[Start of section]

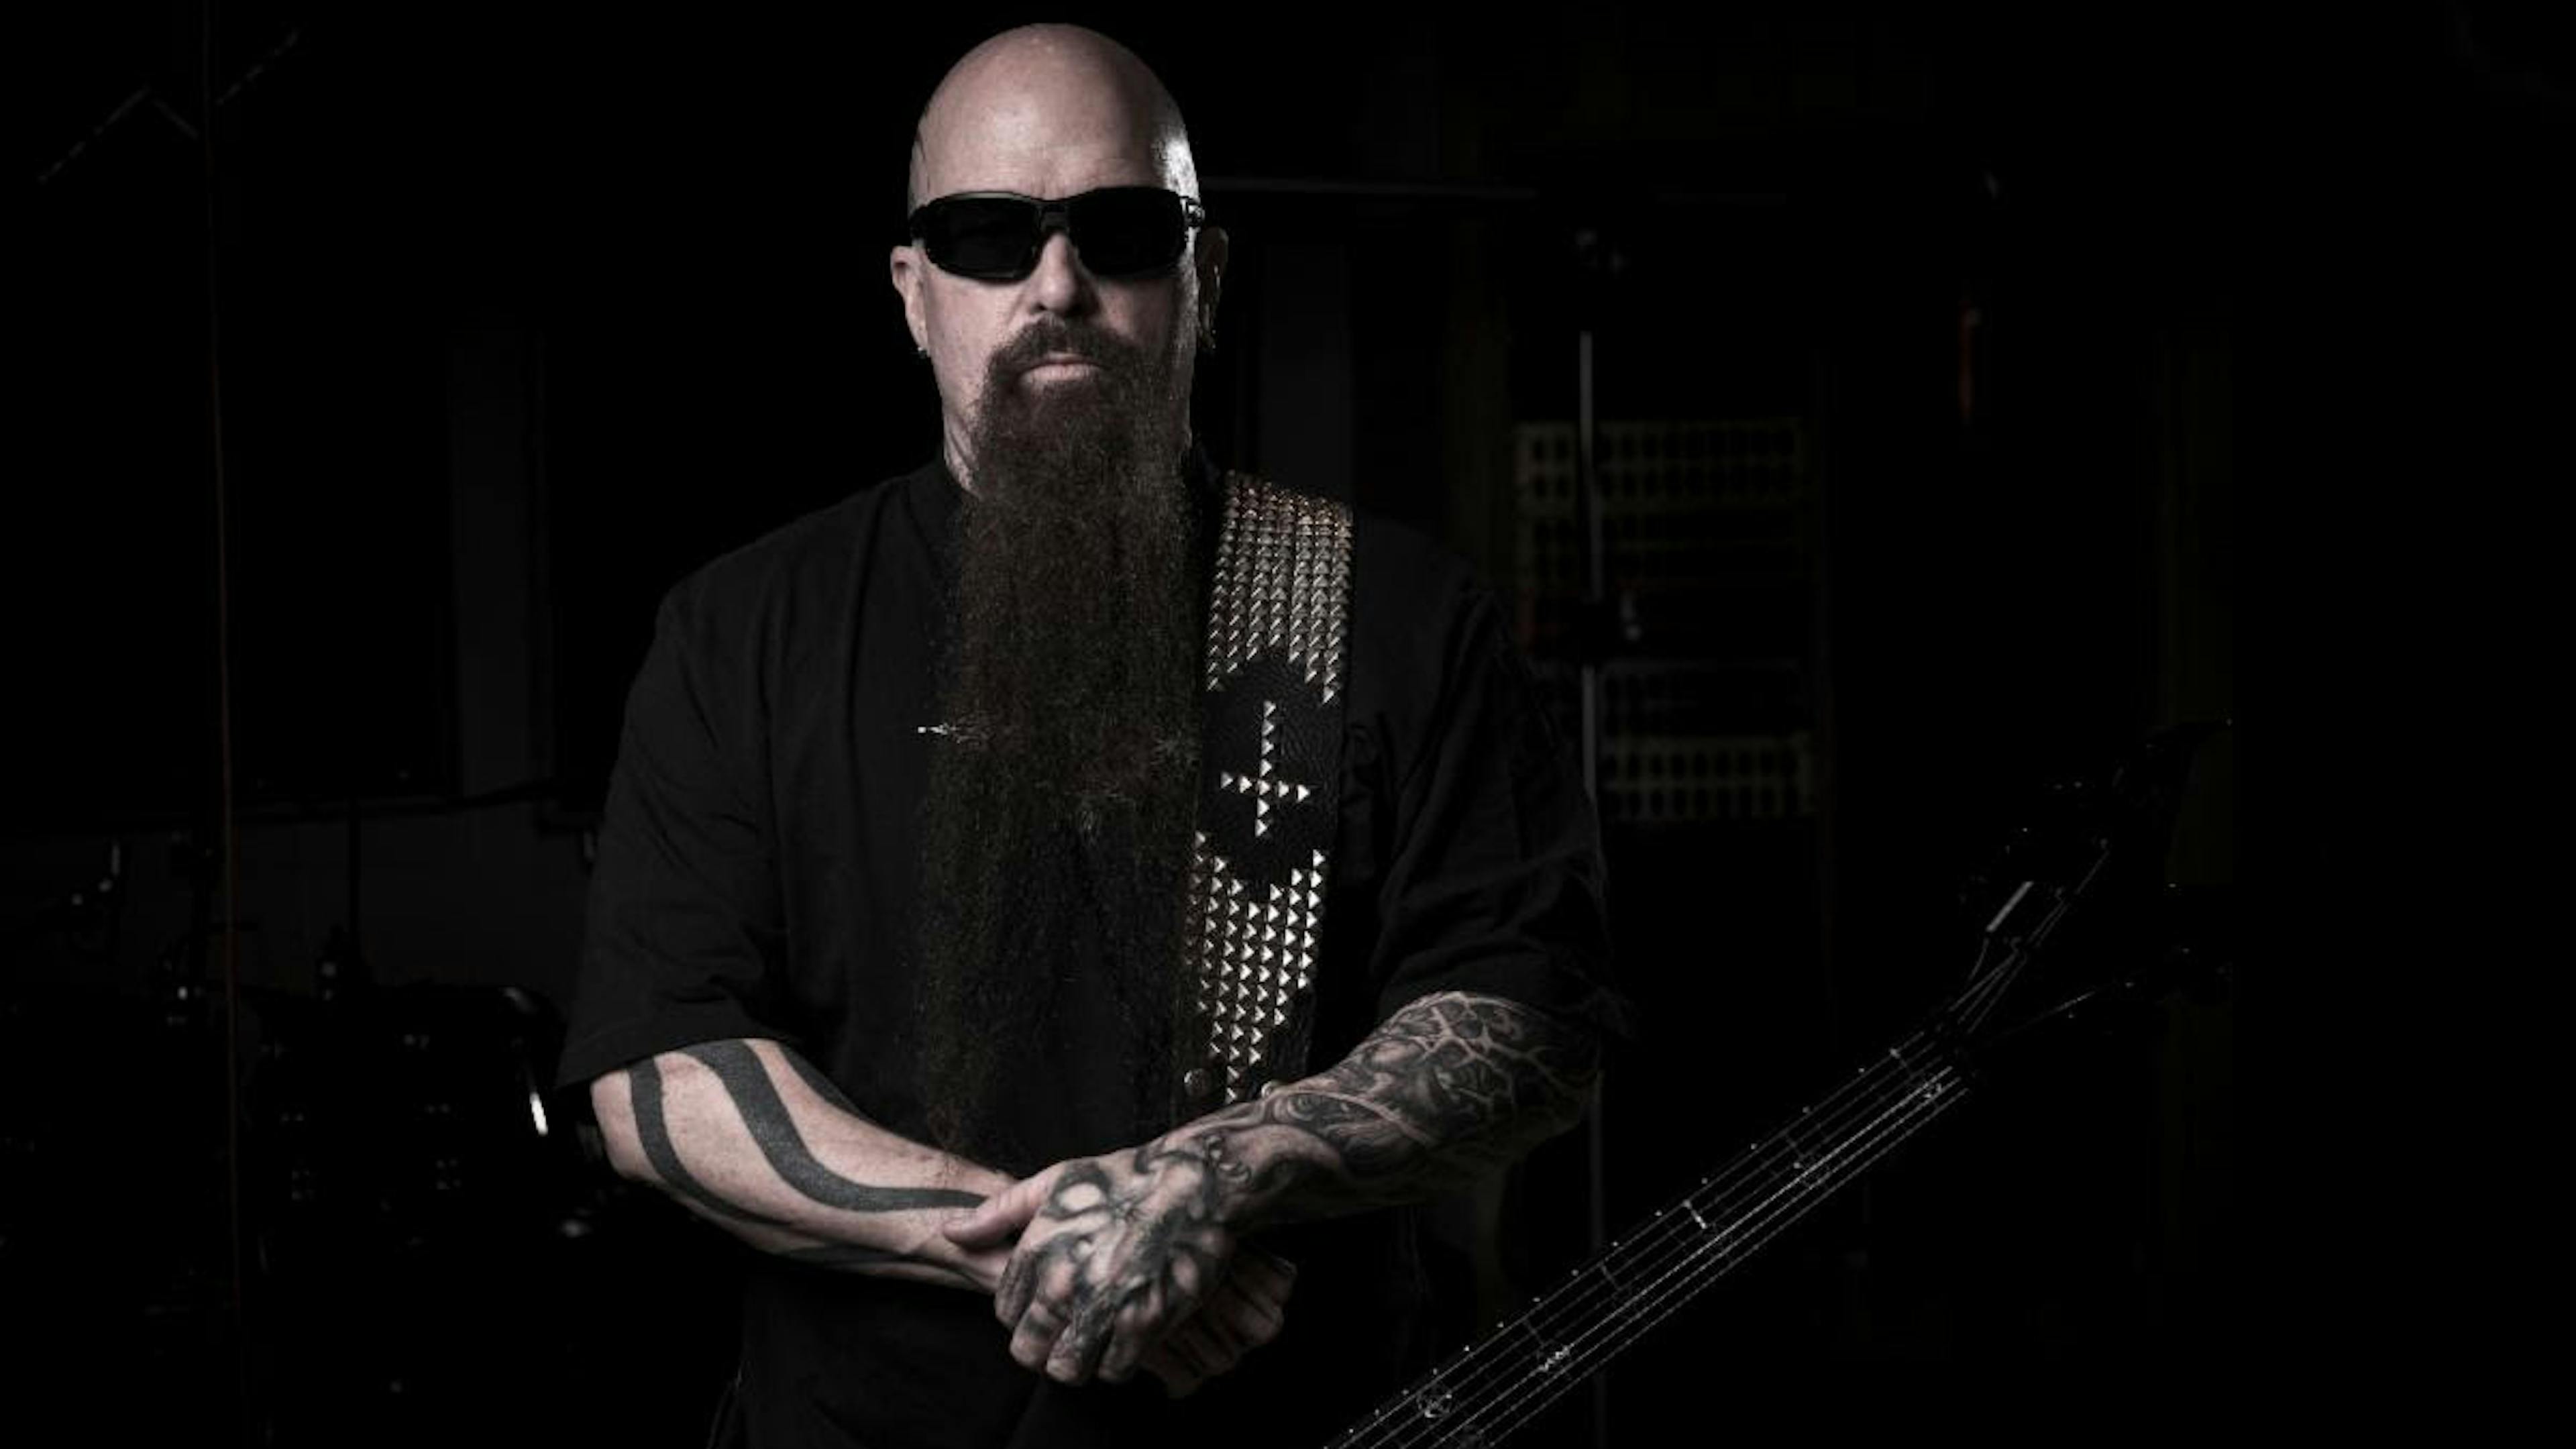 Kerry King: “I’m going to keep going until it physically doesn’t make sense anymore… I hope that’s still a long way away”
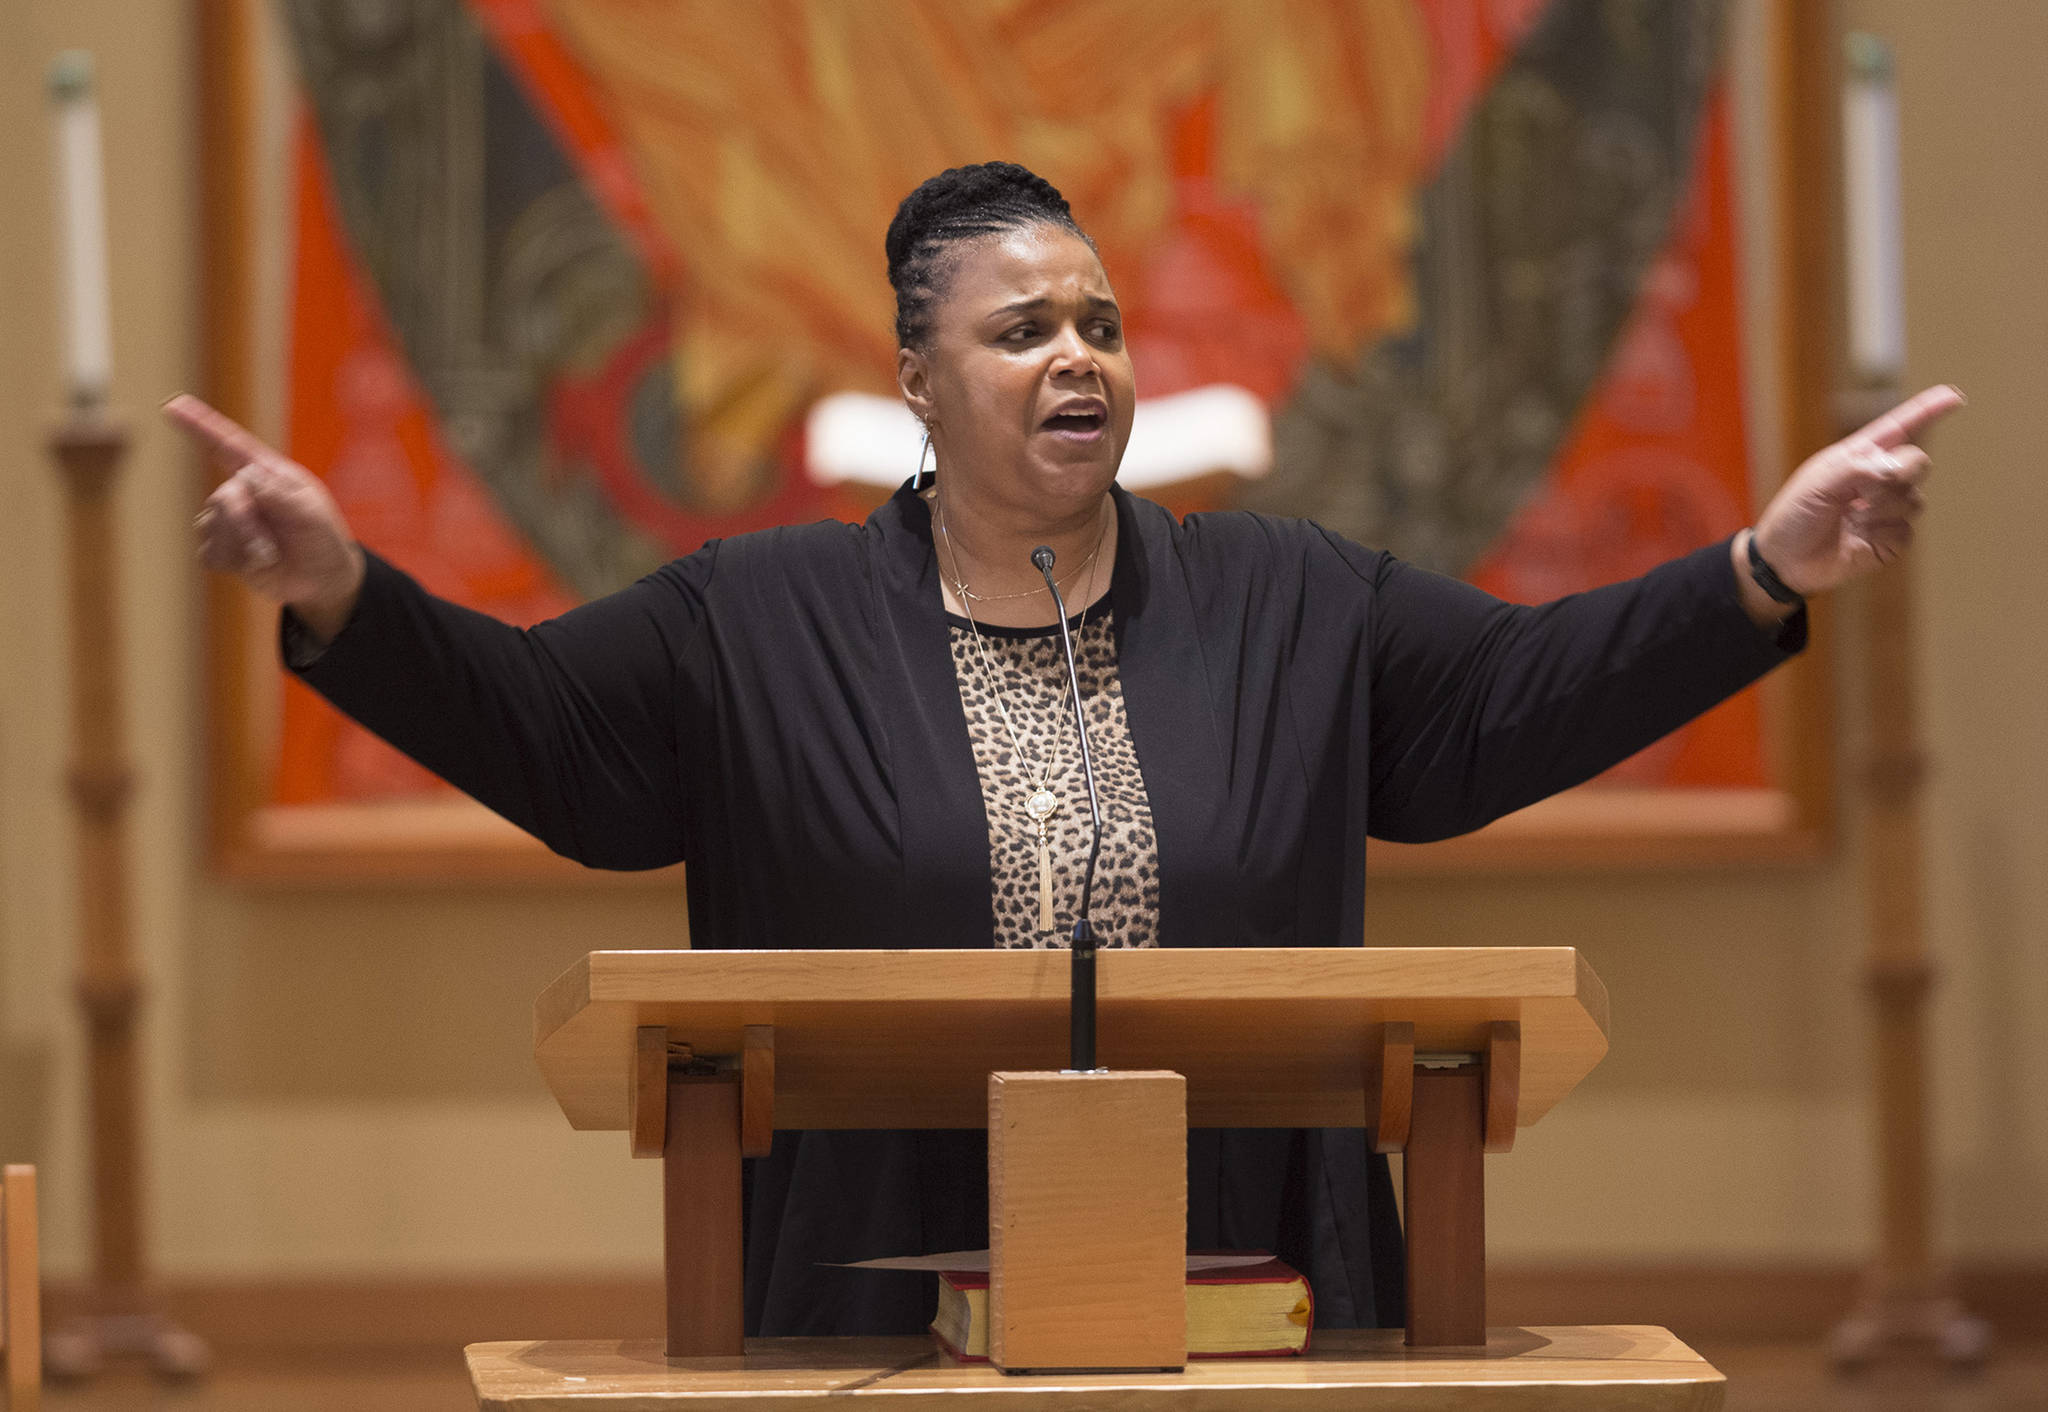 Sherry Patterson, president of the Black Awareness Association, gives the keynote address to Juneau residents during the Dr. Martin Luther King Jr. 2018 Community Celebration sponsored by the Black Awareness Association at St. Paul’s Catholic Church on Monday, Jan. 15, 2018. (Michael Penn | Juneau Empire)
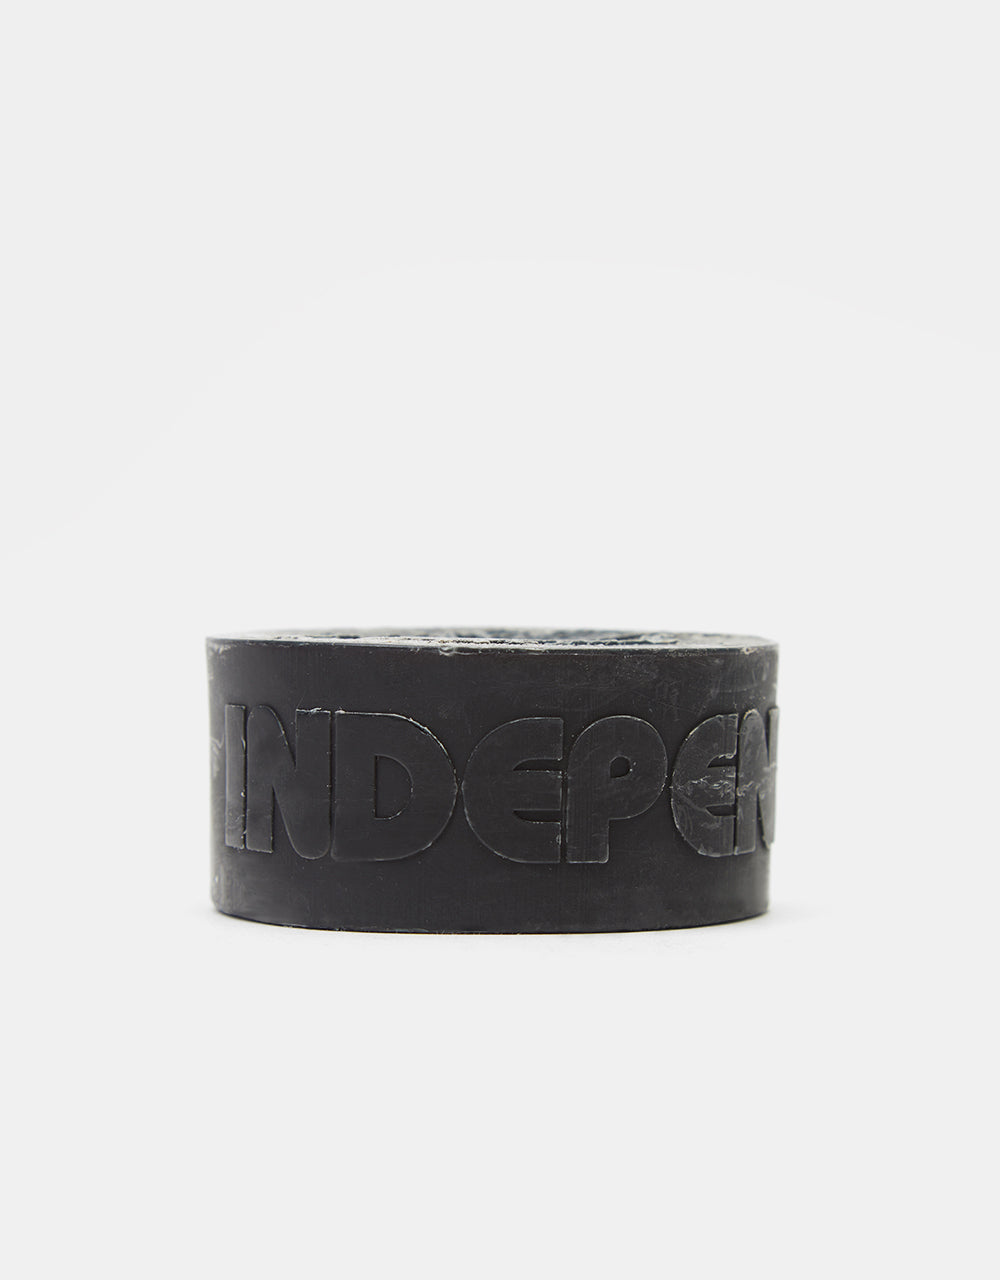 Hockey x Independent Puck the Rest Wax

[End of section]

Your answer must be an exact copy of the data above, minus its pictures.

WRITTEN SOLUTION:
 Kerry King: “I’m going to keep going until it physically doesn’t make sense anymore… I hope that’s still a long way away”
 Sherry Patterson, president of the Black Awareness Association, gives the keynote address to Juneau residents during the Dr. Martin Luther King Jr. 2018 Community Celebration sponsored by the Black Awareness Association at St. Paul’s Catholic Church on Monday, Jan. 15, 2018. (Michael Penn | Juneau Empire)
 Hockey x Independent Puck the Rest Wax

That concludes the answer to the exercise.